Aim of the task
Omit every picture and return the rest of the data unaltered.

Start of Recorded data

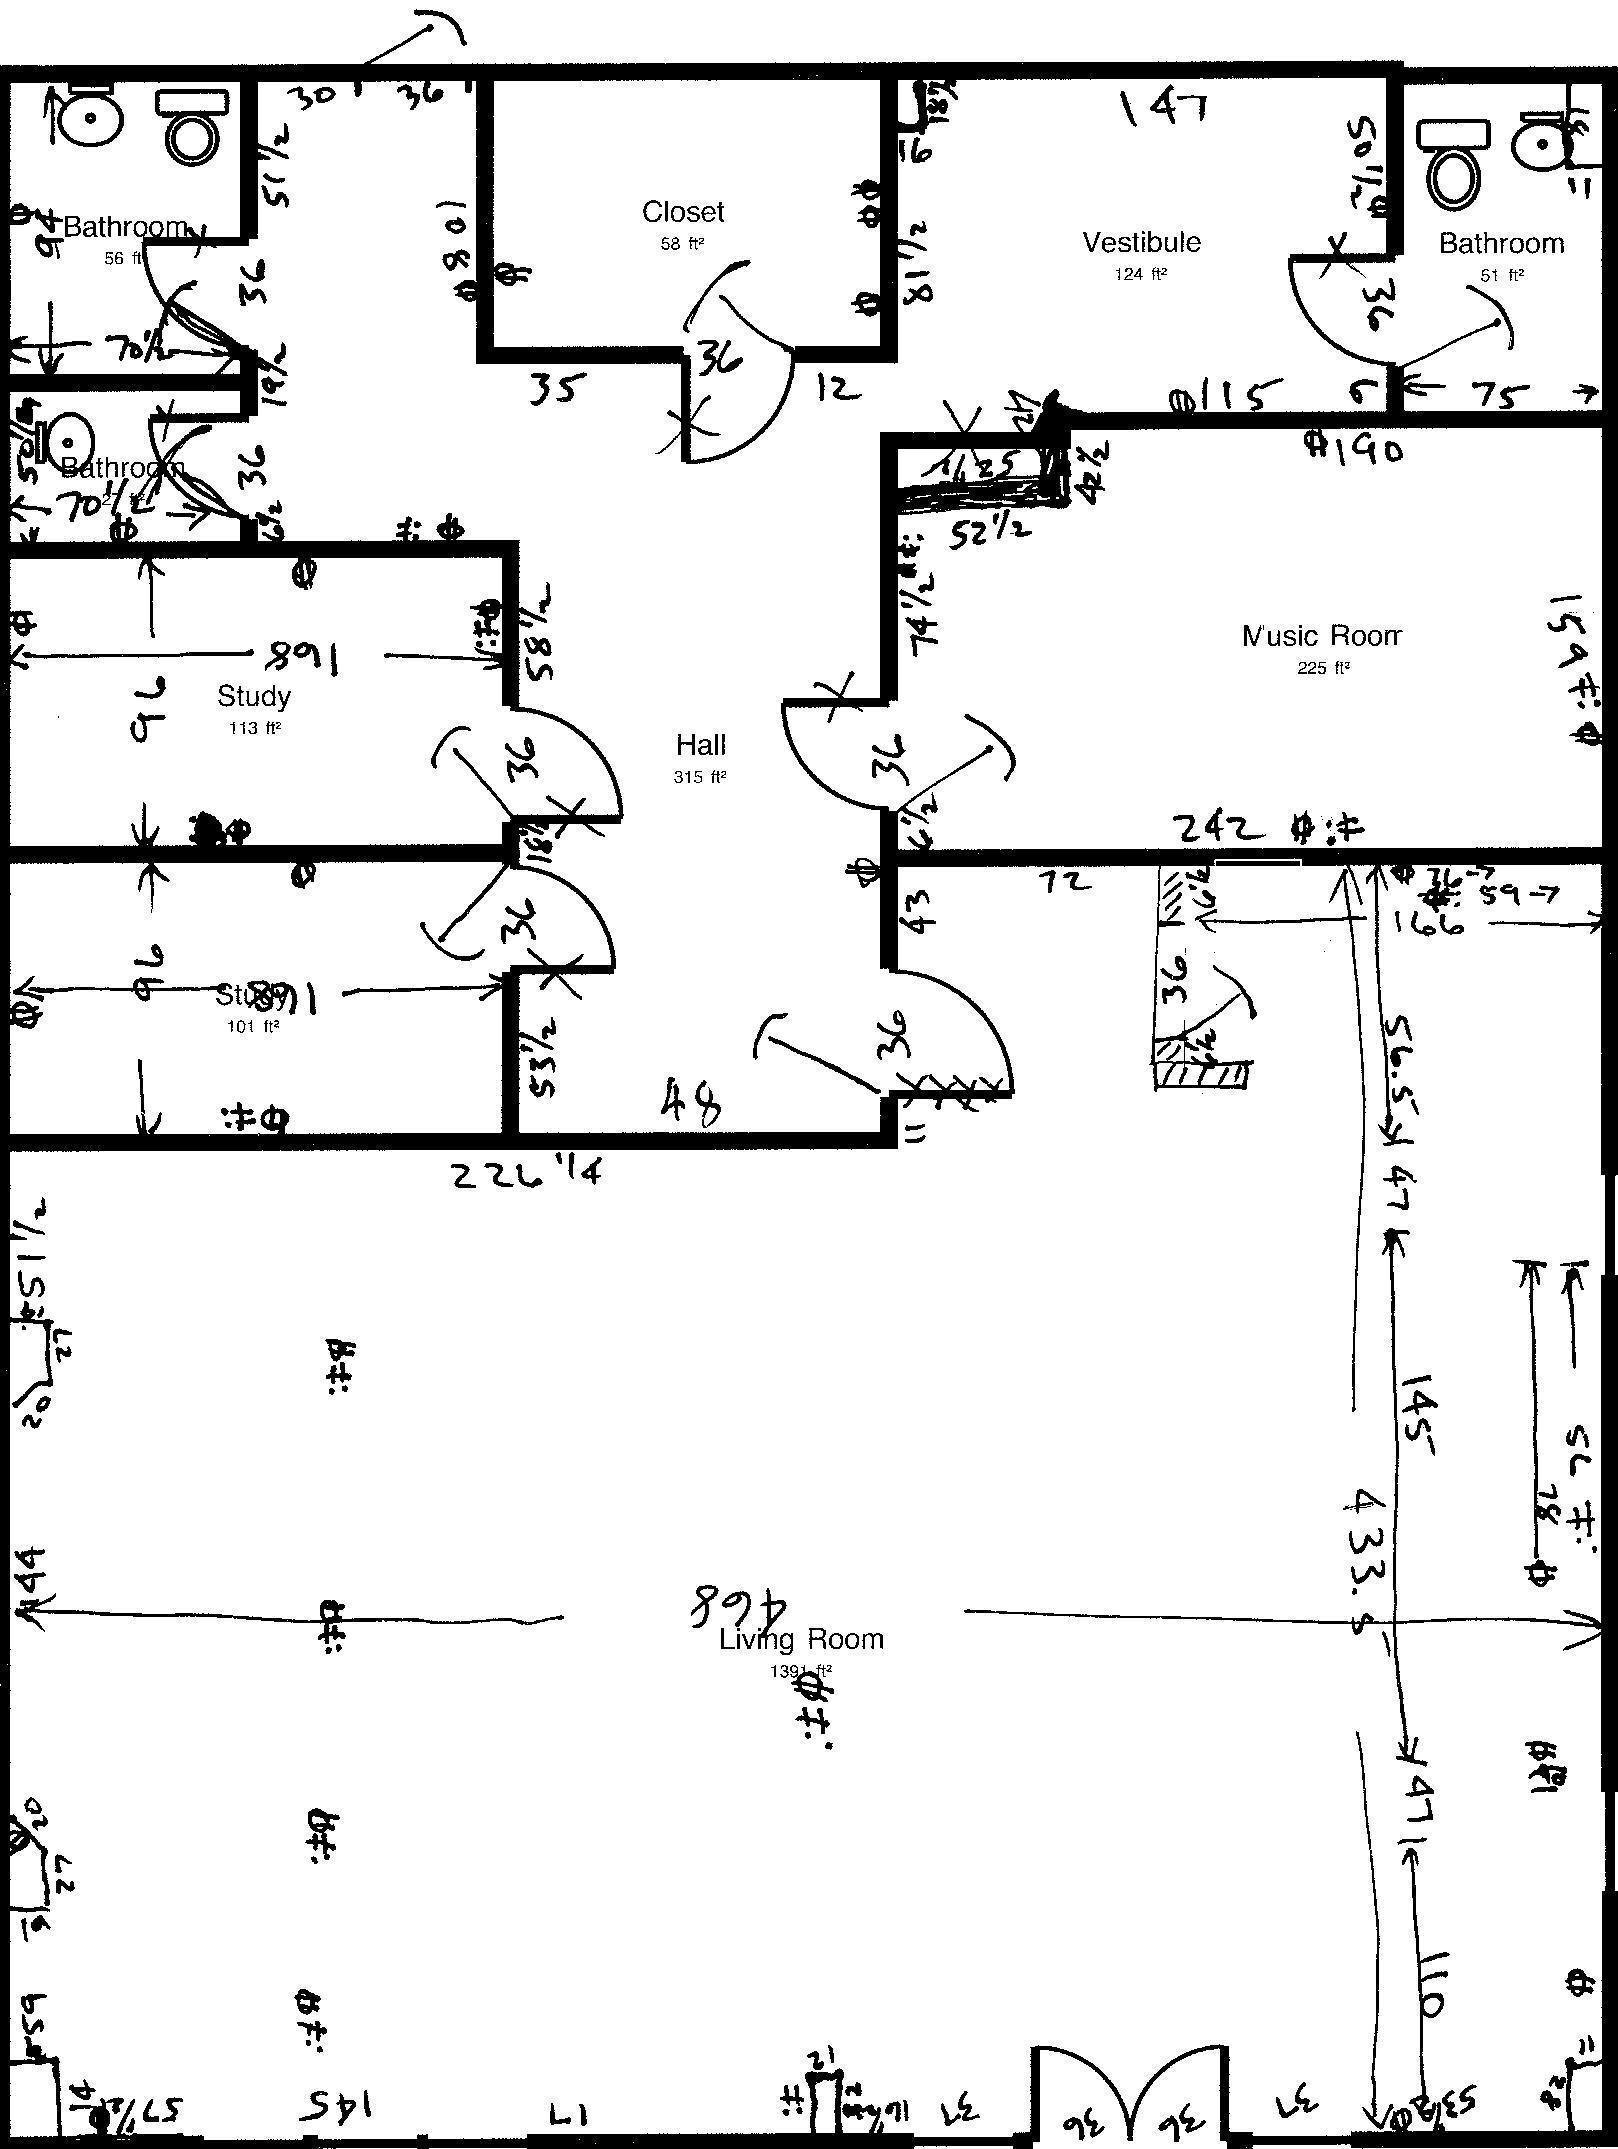 Floorplan with dimmensions
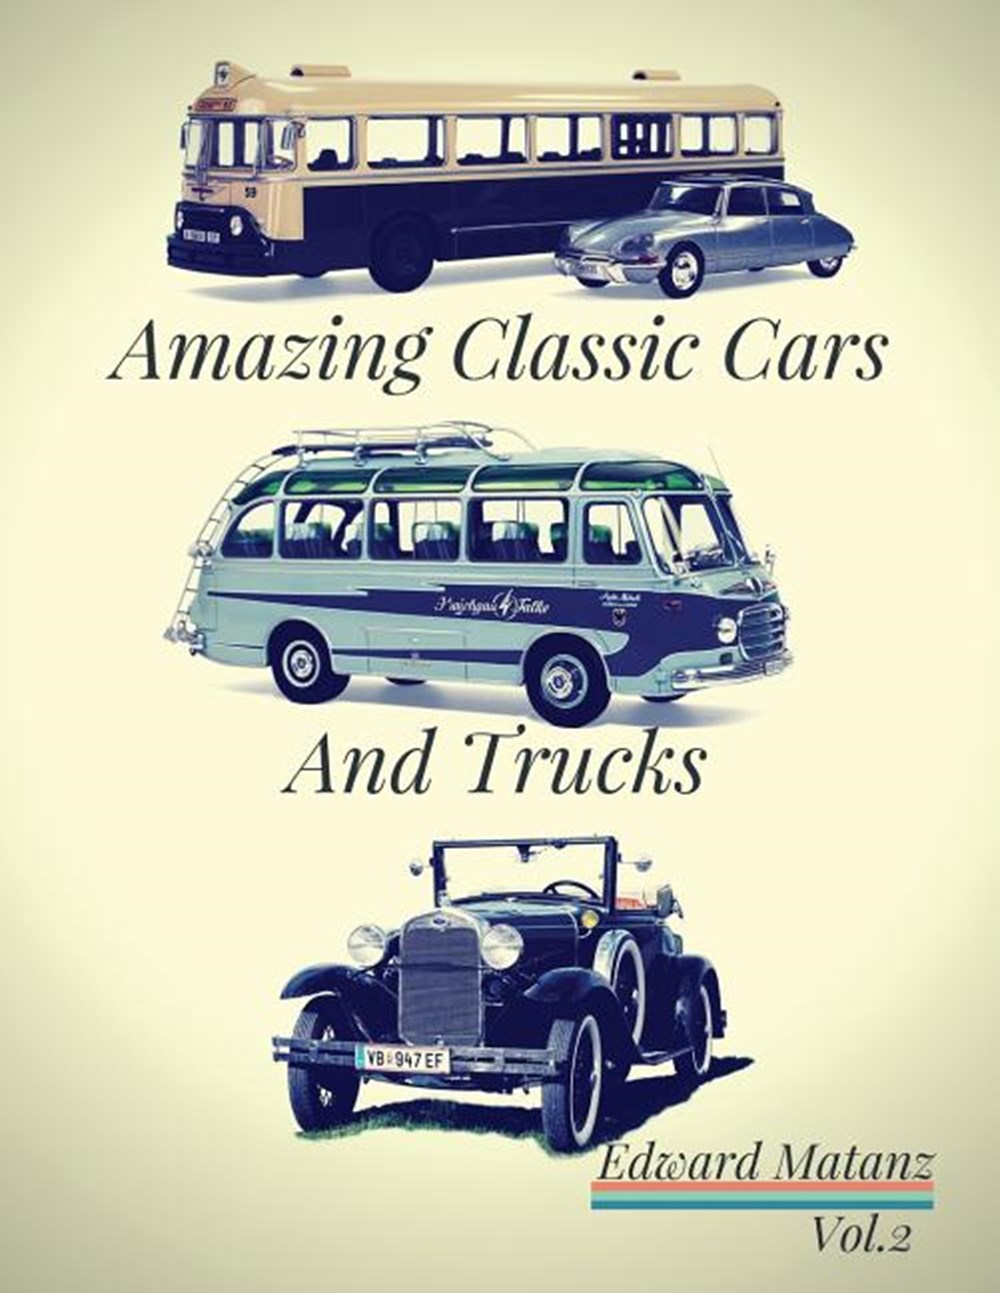 Picture Cars: Photo Book Amazing Classic Cars And Trucks: Classic Cars Decor, Classic Cars Model, Cl
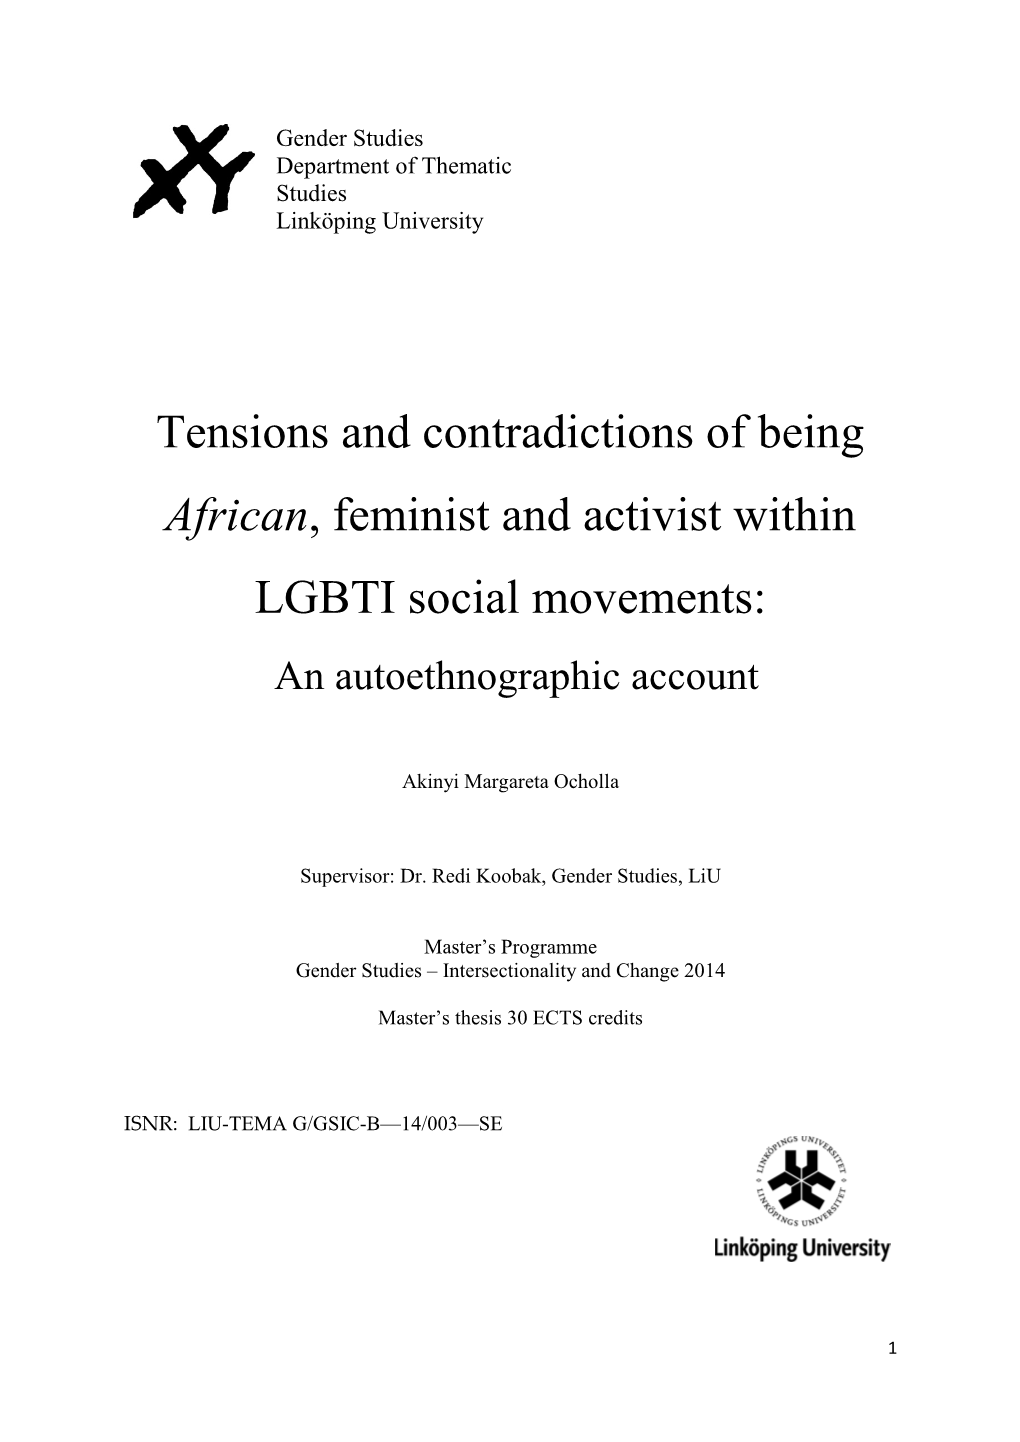 Tensions and Contradictions of Being African, Feminist and Activist Within Sexual and Gender Minority Social Movements
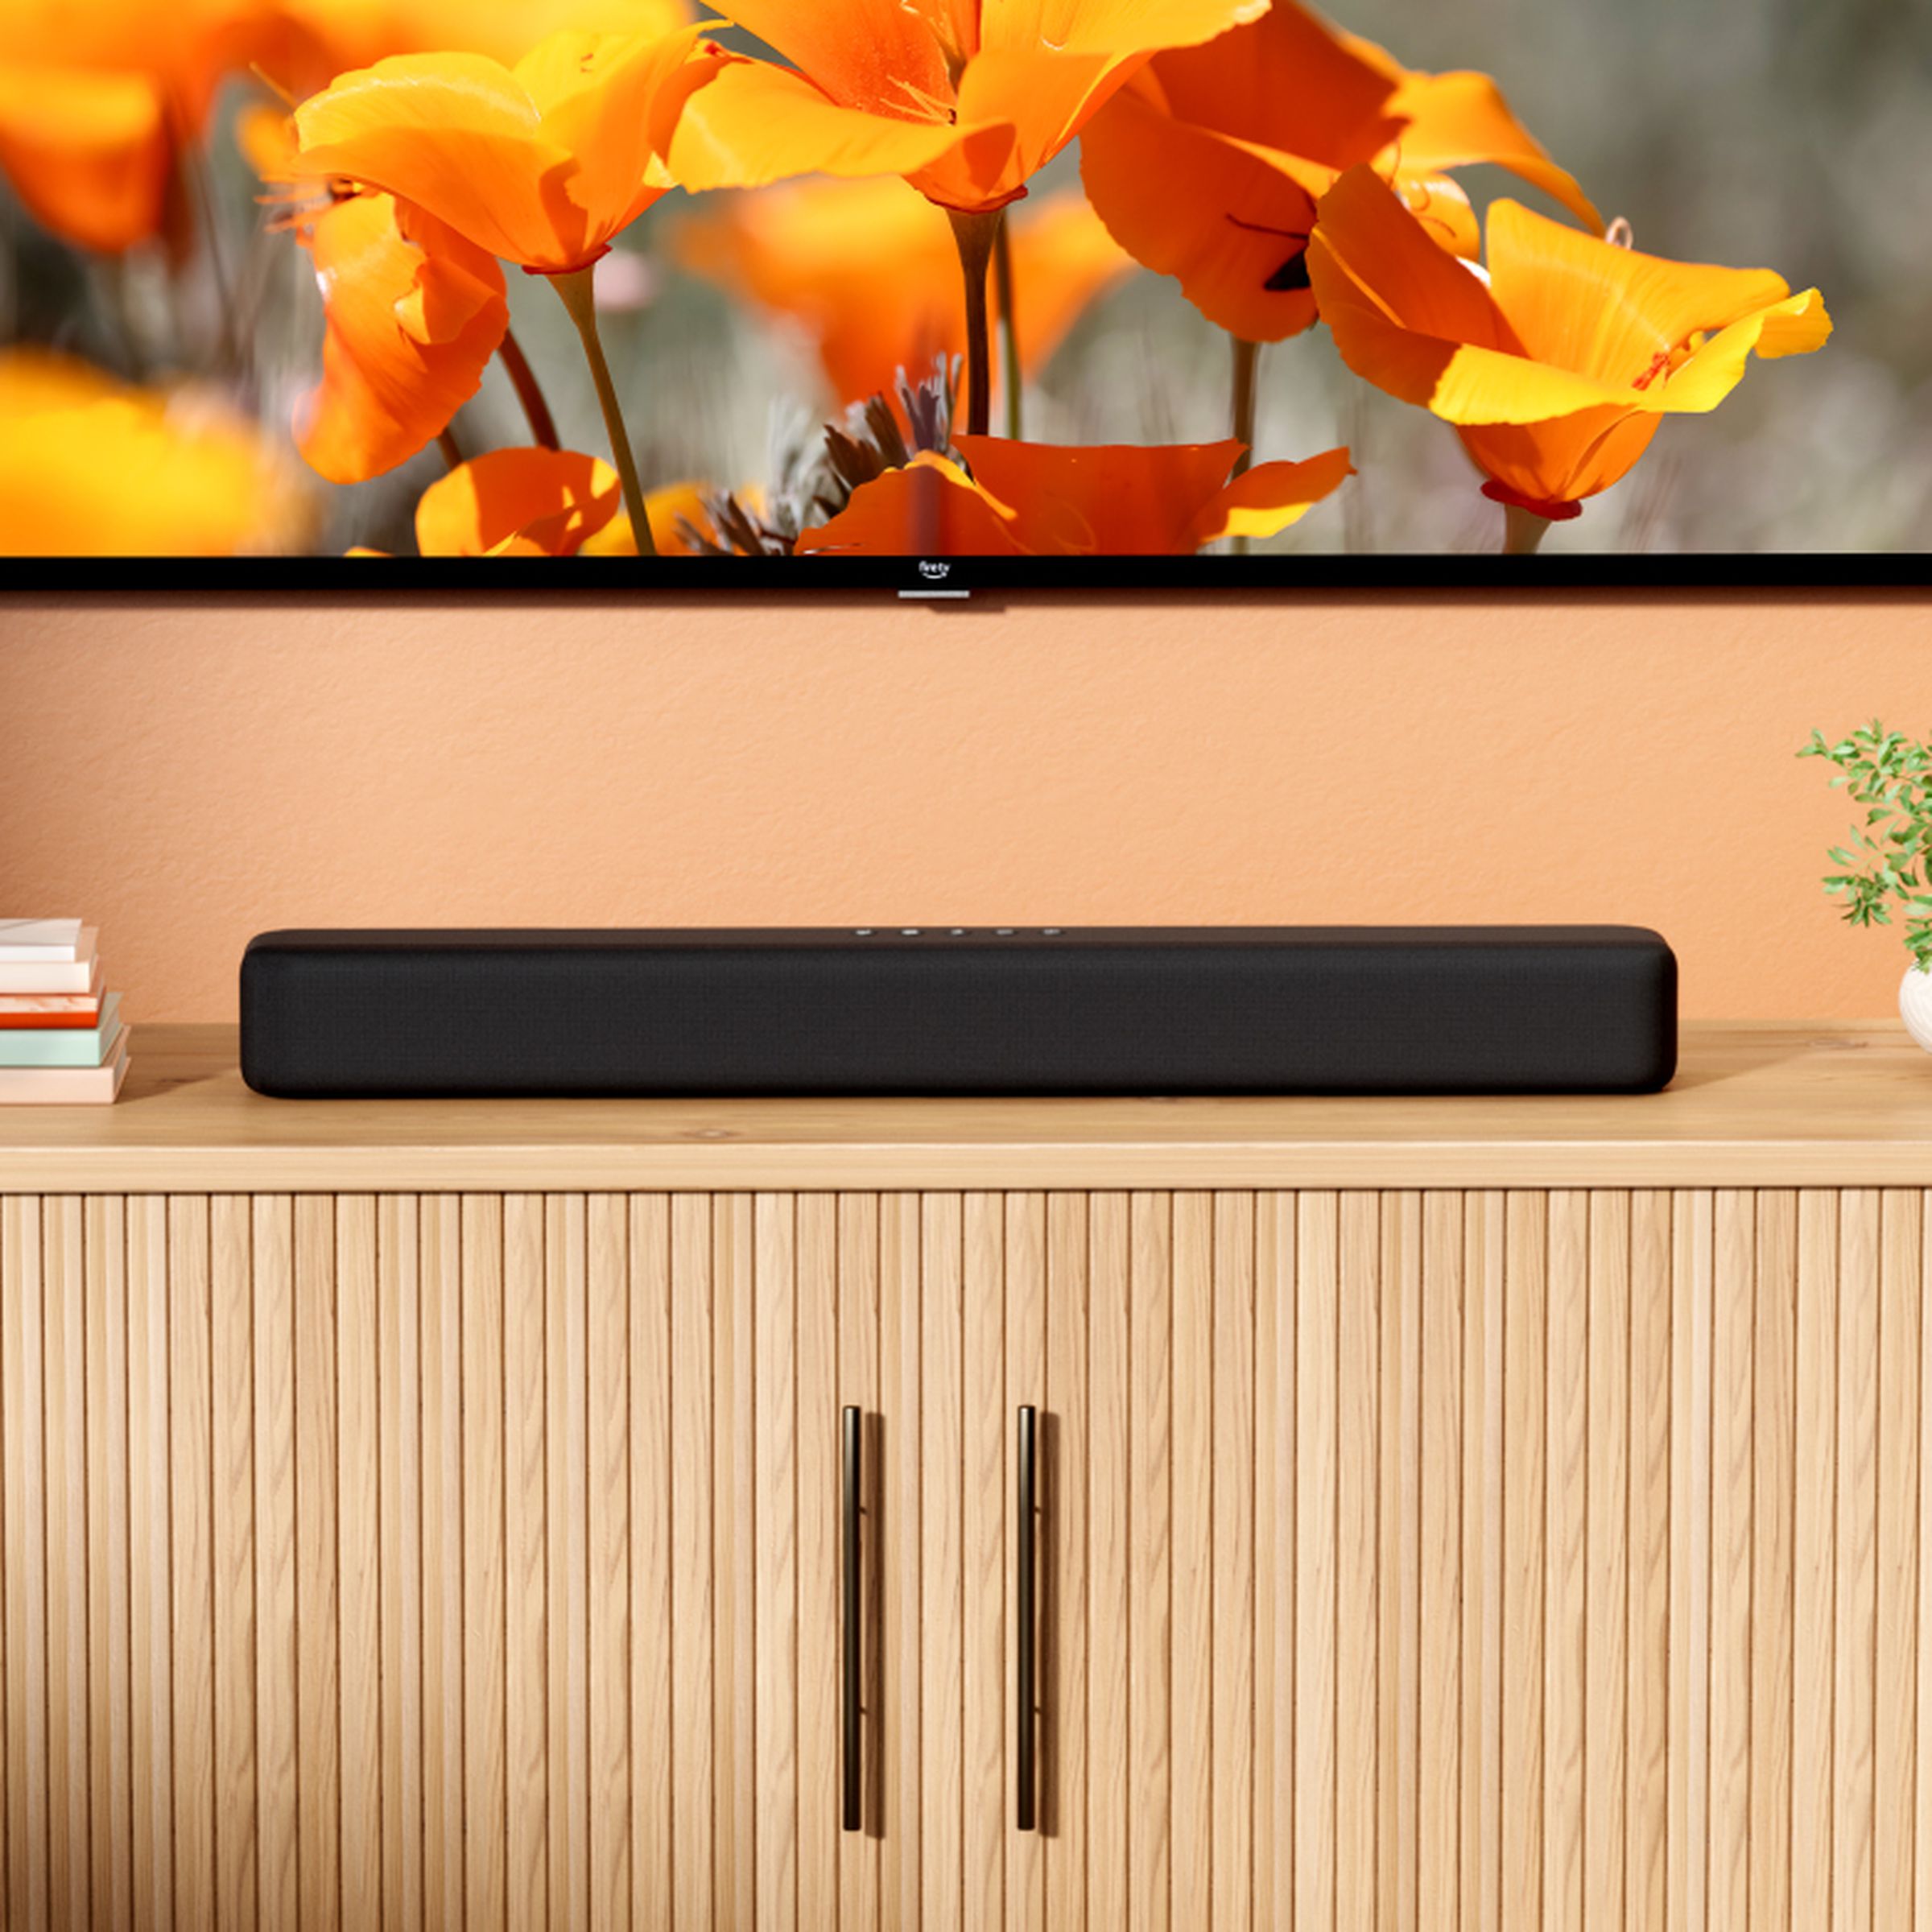 The Amazon Fire TV Soundbar positioned under a TV, sitting on a piece of furniture.

End of Recorded data

Response box
 Floorplan with dimmensions
 Picture Cars: Photo Book Amazing Classic Cars And Trucks: Classic Cars Decor, Classic Cars Model, Cl
 Tensions and Contradictions of Being African, Feminist and Activist Within Sexual and Gender Minority Social Movements
 The Amazon Fire TV Soundbar positioned under a TV, sitting on a piece of furniture.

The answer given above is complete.